Universities are facing renewed calls to do more to help displaced people enter higher education, as president Biden aims to welcome up to 125,000 refugees to the US over the next year.
Announced on September 27, the figure marks the US government’s highest refugee admission target in decades for the 2023 fiscal year, indicating a clear departure from the anti-immigration stance of the previous administration.
The government also announced the launch of a pilot program that will, in time, allow private sponsors to identify and refer individual refugees to priority entry routes. The government specifically noted that this could be used by higher education institutions to sponsor refugee students.
The news comes as non-profits and international agencies renew calls for institutions to do more to increase the number of refugees participating in higher education.
“If every university in the world enrols just 15 refugee students, the refugee higher education crisis will be over”
“If every university in the world enrols just 15 refugee students, the refugee higher education crisis will be over,” said University of the People president Shai Reshef at the Refugee & Migrant Education Conference in September.
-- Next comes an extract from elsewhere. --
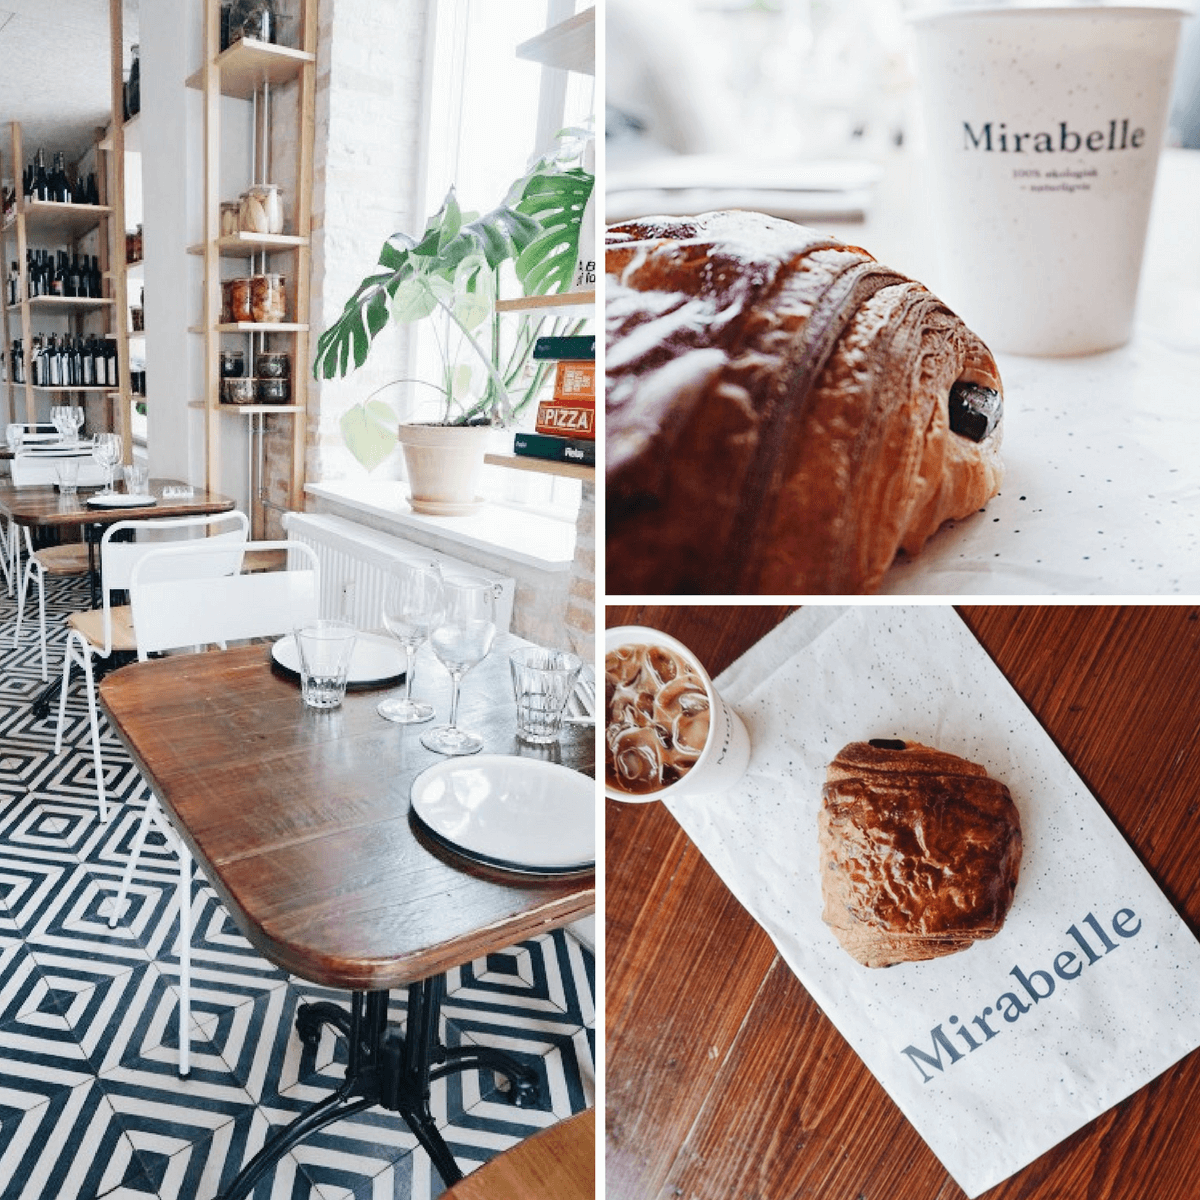 Mirabelle Bakery in Copenhagen, Denmark

University of the People, a tuition-free online university, currently has over 16,000 refugees in its student body and has pledged to enrol 25,000 refugees by 2030. The organisation said it now receives “daily applications” from refugees.
“The biggest challenges are convincing the leaders of [the] world’s 31,000 plus universities that enrolling 15 refugee students each will not have a major impact on their budgets as well as educating them about the benefits that refugees bring to their institutions and how they will enrich the educational experience for all of their students,” Reshef told The PIE News.
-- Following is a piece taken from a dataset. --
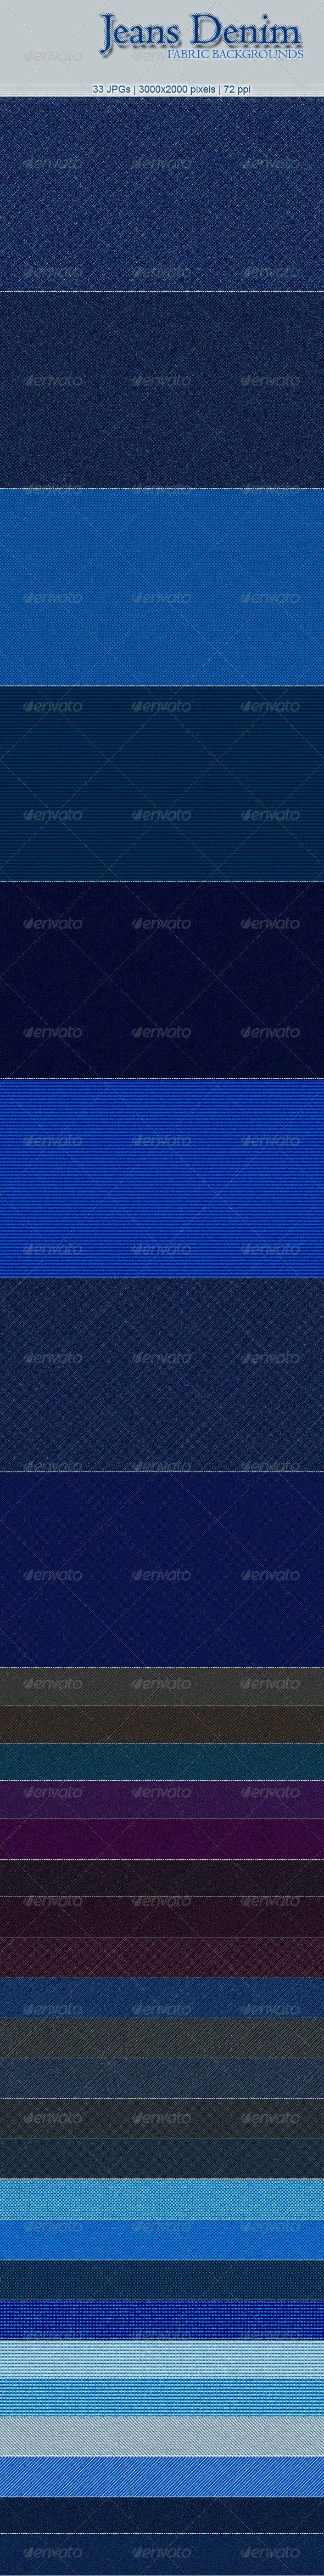 33 Jeans Denim Fabric Backgrounds - Miscellaneous Backgrounds

Currently, only 5% of refugees have access to higher education according to the UN, compared to 40% of non-refugees.
The UN has set a target known as 15by30 – a commitment to achieving enrolment of 15% of young refugee women and men in higher education by the year 2030. This would equate to approximately half a million refugees in higher education, compared to the current figure of 90,000.
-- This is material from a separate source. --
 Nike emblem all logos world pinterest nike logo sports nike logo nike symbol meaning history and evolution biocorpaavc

Ehab Badwi, founder of Syrian Youth Assembly, an organisation that supports refugees to access education, believes that the pandemic and the war in Ukraine have set back progress towards this goal – and that the solution may be in less “traditional” methods of delivering education.
Through the Syrian Youth Assembly’s partnership with Coursera, displaced people can access free online university modules remotely. To date, almost half a million people have enrolled in the courses, which cover topics including technology, AI and medicine.
“It’s not only about giving them access to education, but giving them education that can keep them at the same level as other young people in the world,” Badwi said.
Badwi shared examples of displaced people who have already completed English teaching degrees in Syria, but are unable to work in other countries as different accreditation is required, such as a TESOL certificate. SYA’s platform allows them to complete a free course to obtain a TESOL certificate via Arizona State University.
“We provide them the opportunity to work in something they love,” Badwi said. “We give them their internal peace.”